Data extracts:
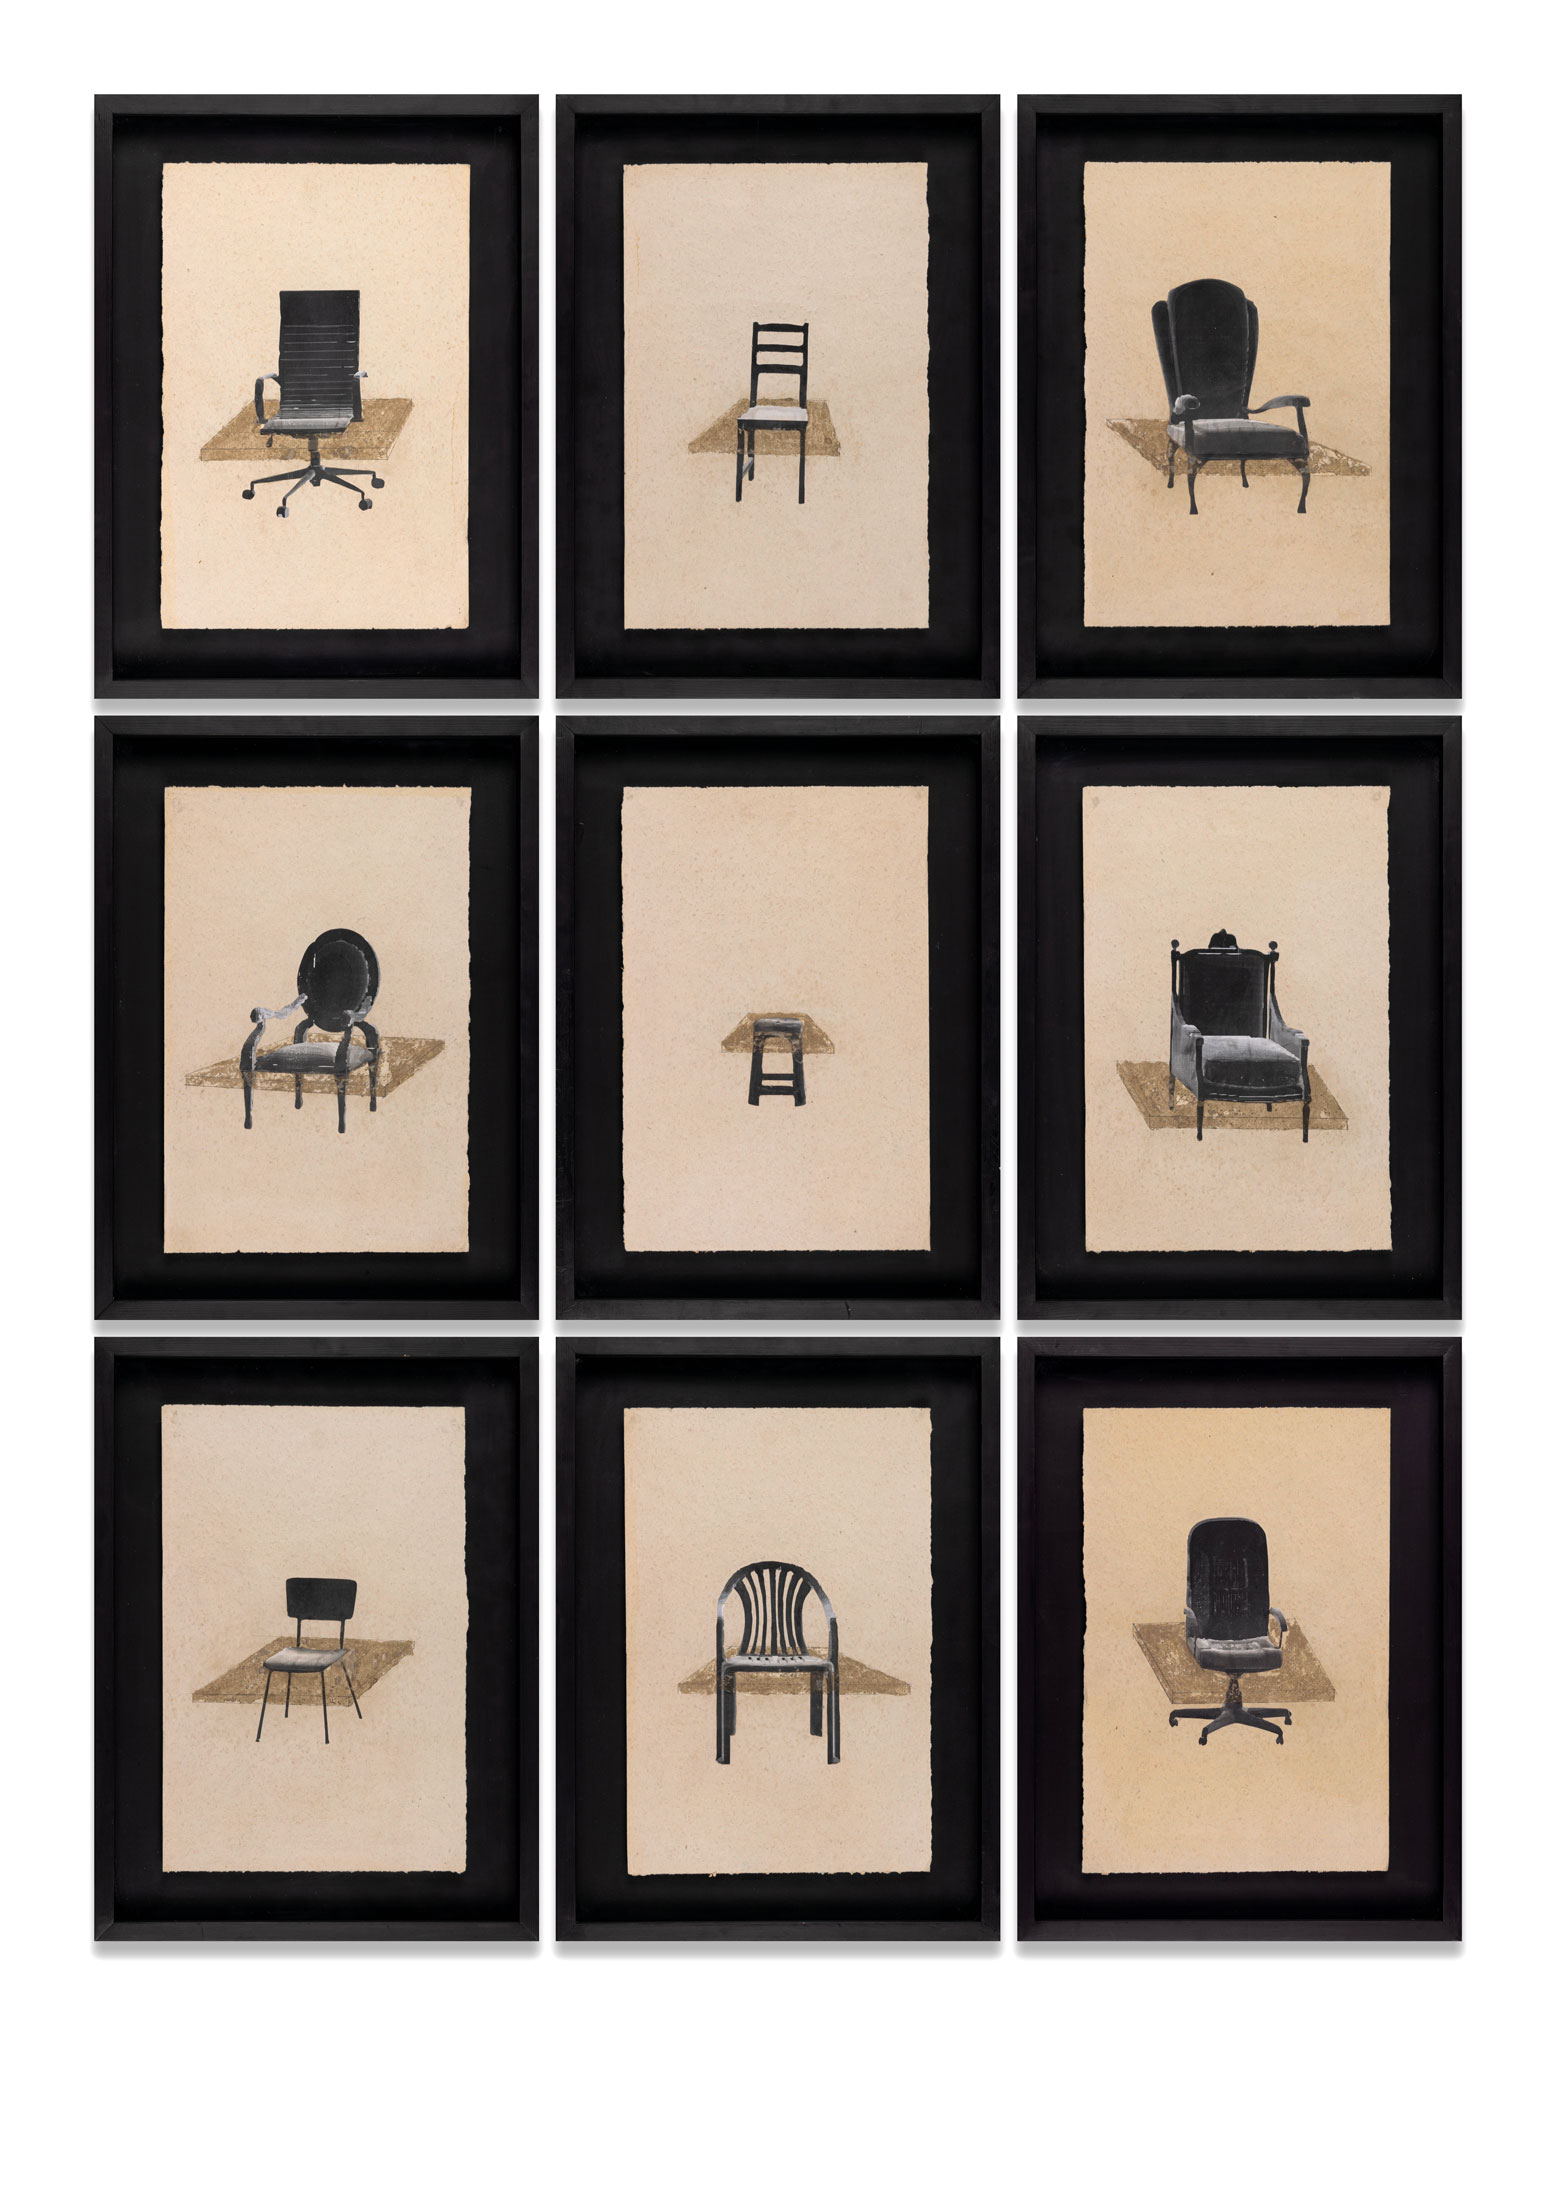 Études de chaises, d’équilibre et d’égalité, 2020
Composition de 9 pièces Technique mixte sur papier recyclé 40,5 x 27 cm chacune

==

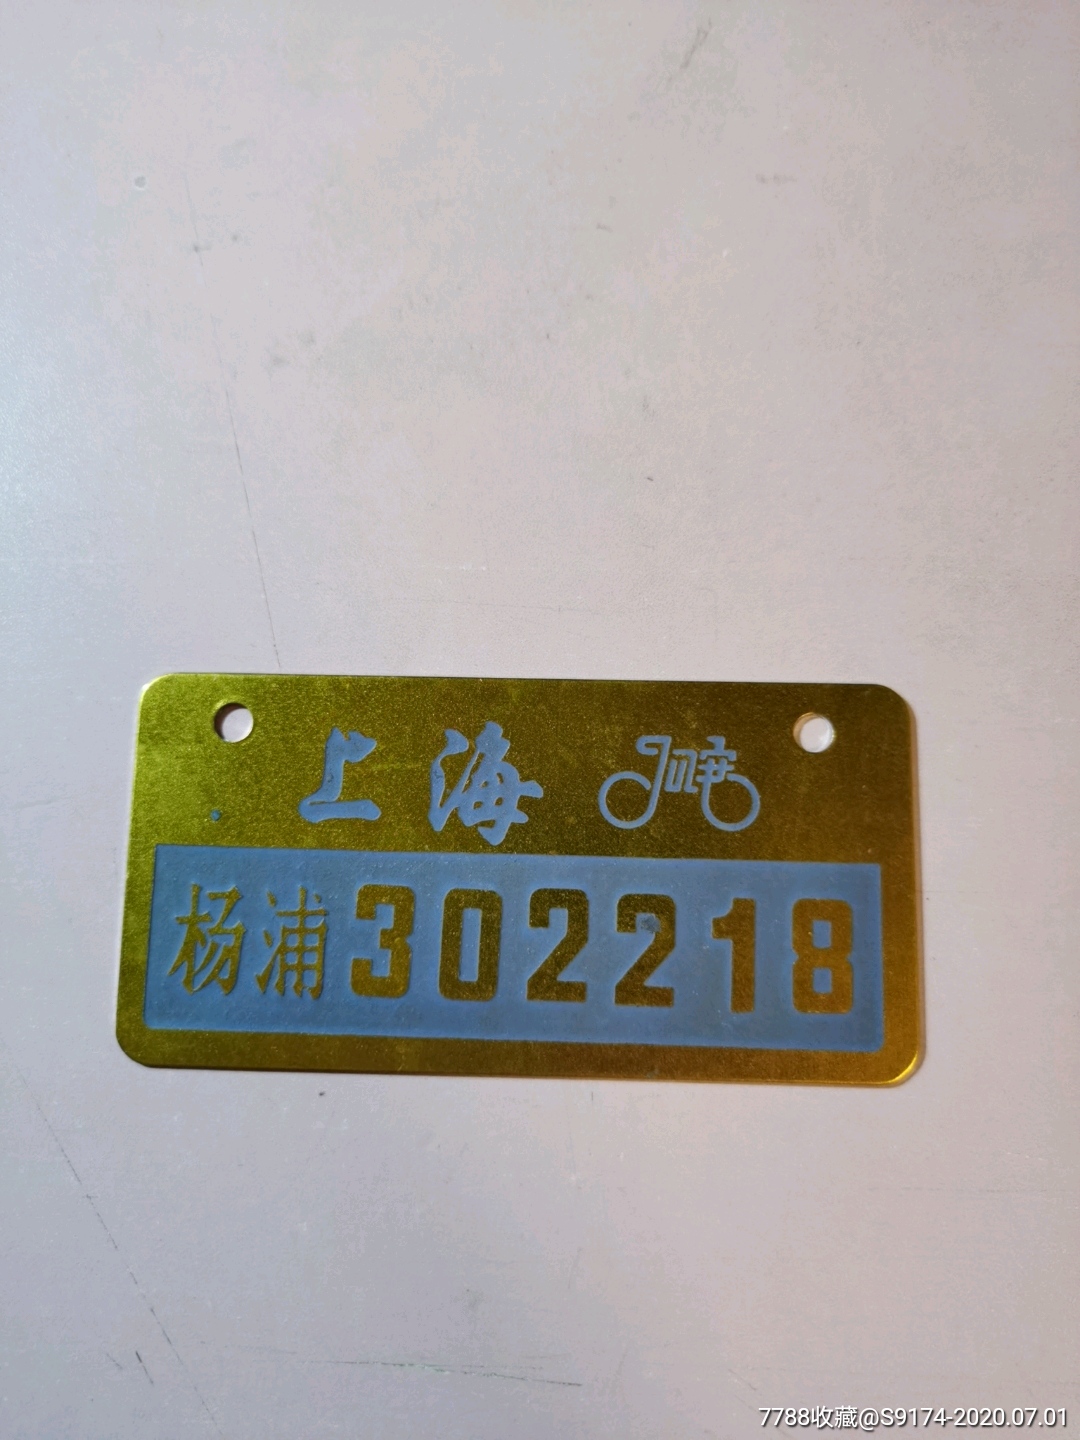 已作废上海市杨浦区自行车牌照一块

Exercise:
Would you transcribe the lines above exactly, going from the line bearing "Études de chaises, d’équilibre" through the line bearing "Composition de 9", and drop the pictures from the copy?

The answer:
 Études de chaises, d’équilibre et d’égalité, 2020
Composition de 9 pièces Technique mixte sur papier recyclé 40,5 x 27 cm chacune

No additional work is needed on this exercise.